Алекс Данчев - Сезанн. Жизнь
Начав собирать коллекцию, он уже не мог остановиться. Ближе к концу века коллекция стала целью его жизни. Их пути с Волларом неизбежно пересеклись. Работа шла очень активно. В феврале 1900 года Воллар приобрел картину «Берега Уазы» у художника Эдуарда Бельяра за 300 франков и вскоре продал ее Пеллерену за 7500 франков. В июле 1904 года Пеллерен купил «Портрет мадам Сезанн», которым совместно владели Воллар и галерея Бернхейм-Жён. В октябре 1911 года он обменял эти две работы Сезанна на две другие, «Пейзаж близ Экса» и «Каменоломня Бибемюс», приплатив немного сверху, чтобы подсластить сделку. Седьмого июля 1904 года он потратил внушительную сумму и купил сразу семь работ у галереи Бернхейм-Жён, в том числе «Мадам Сезанн в желтом кресле» и знаменитую «Женщину с кофейником» – картину, на которой чайная ложка расскажет нам о нас самих и искусстве не меньше, чем сама женщина и ее кофейник{744}. В период с 1907 по 1912 год он приобрел еще 29 картин у одной только галереи Бернхейм-Жён, включая бунтарский портрет Амперера. Если Пеллерену нравилась та или иная работа, он не терпел отказов. Он принимал смелые решения, и его вкусы всегда оставались независимыми от общественного мнения. Его предпочтения порой удивляли окружающих. Совместно с Октавом Мирбо он скупил коллекцию Писсарро. Вскоре после смерти Сезанна он купил превосходный «Портрет Гюстава Жеффруа» у самого Жеффруа. Уже в 1907 году, работая напрямую с сыном Сезанна, он обменял два произведения Мане на «Больших купальщиц» – картину, увидев которую несколько лет спустя в коллекции Пеллерена Генри Мур испытал сезанновское озарение{745}. В 1908 году коллекционер приобрел у сына Сезанна «Современную Олимпию» в обмен на большое цветочное полотно Ренуара и доплату. В 1911 году он получил «Дом повешенного» от Воллара в обмен на две небольшие работы Сезанна, одну пастельную работу Берты Моризо и также некоторую доплату. В 1912 году Пеллерен приобрел у Гаше «Вид на Лувесьен, копию работы Писсарро» в обмен на выдающуюся работу позднего периода «Юная итальянка, облокотившаяся на стол» (одна из семи картин, купленных им в 1904 году), один пейзаж и доплату.

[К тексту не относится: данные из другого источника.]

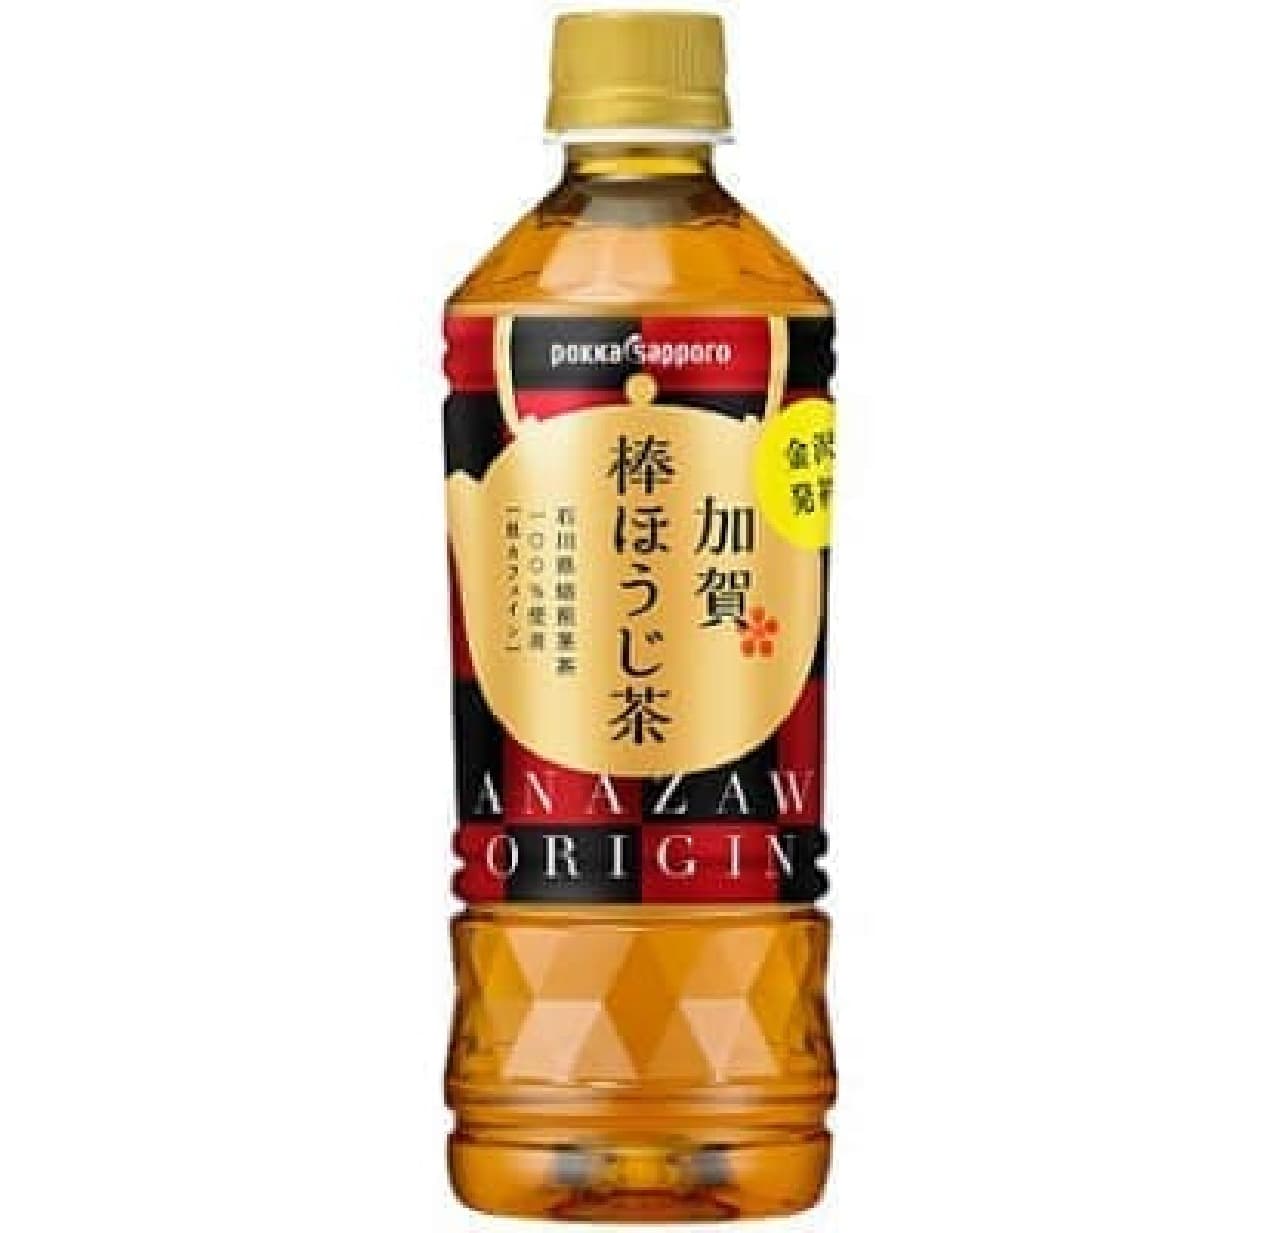 Bar tea originating in Kanazawa is now available in PET bottles!

Его последней официальной покупкой стал первый вариант картины «Большая сосна и красная земля» на распродаже у Мориса Ганьи в 1925 году, цена полотна составила 528 000 франков. Изначально картина принадлежала писателю Фелисьену Шамсору, автору произведения «Дина Самюэль» (1882), в котором Кабанер, Рембо и прочие фигурируют под вымышленными именами. Затем картина перешла к торговцу произведениями искусства Папаше Тома, который продал ее художнику Эмилю Шуффенекеру, приятелю Гогена, за 120 франков. Позднее Шуффенекер признался, что закончил картину, дописав пустые места и пролессировал веронской зеленью маленькое дерево в левом углу холста. Проделав эту операцию, он продал картину Воллару, который часто не обращал внимания на такие мелочи, а тот в свою очередь продал ее галерее Бернхейм-Жён, сохранив за собой пятидесятипроцентную долю. Коллекционер Морис Ганья выкупил ее у галеристов за 5000 франков. Если верить Шуффенекеру, «Большая сосна и красная земля» была не единственной картиной, которую он дописал{746}.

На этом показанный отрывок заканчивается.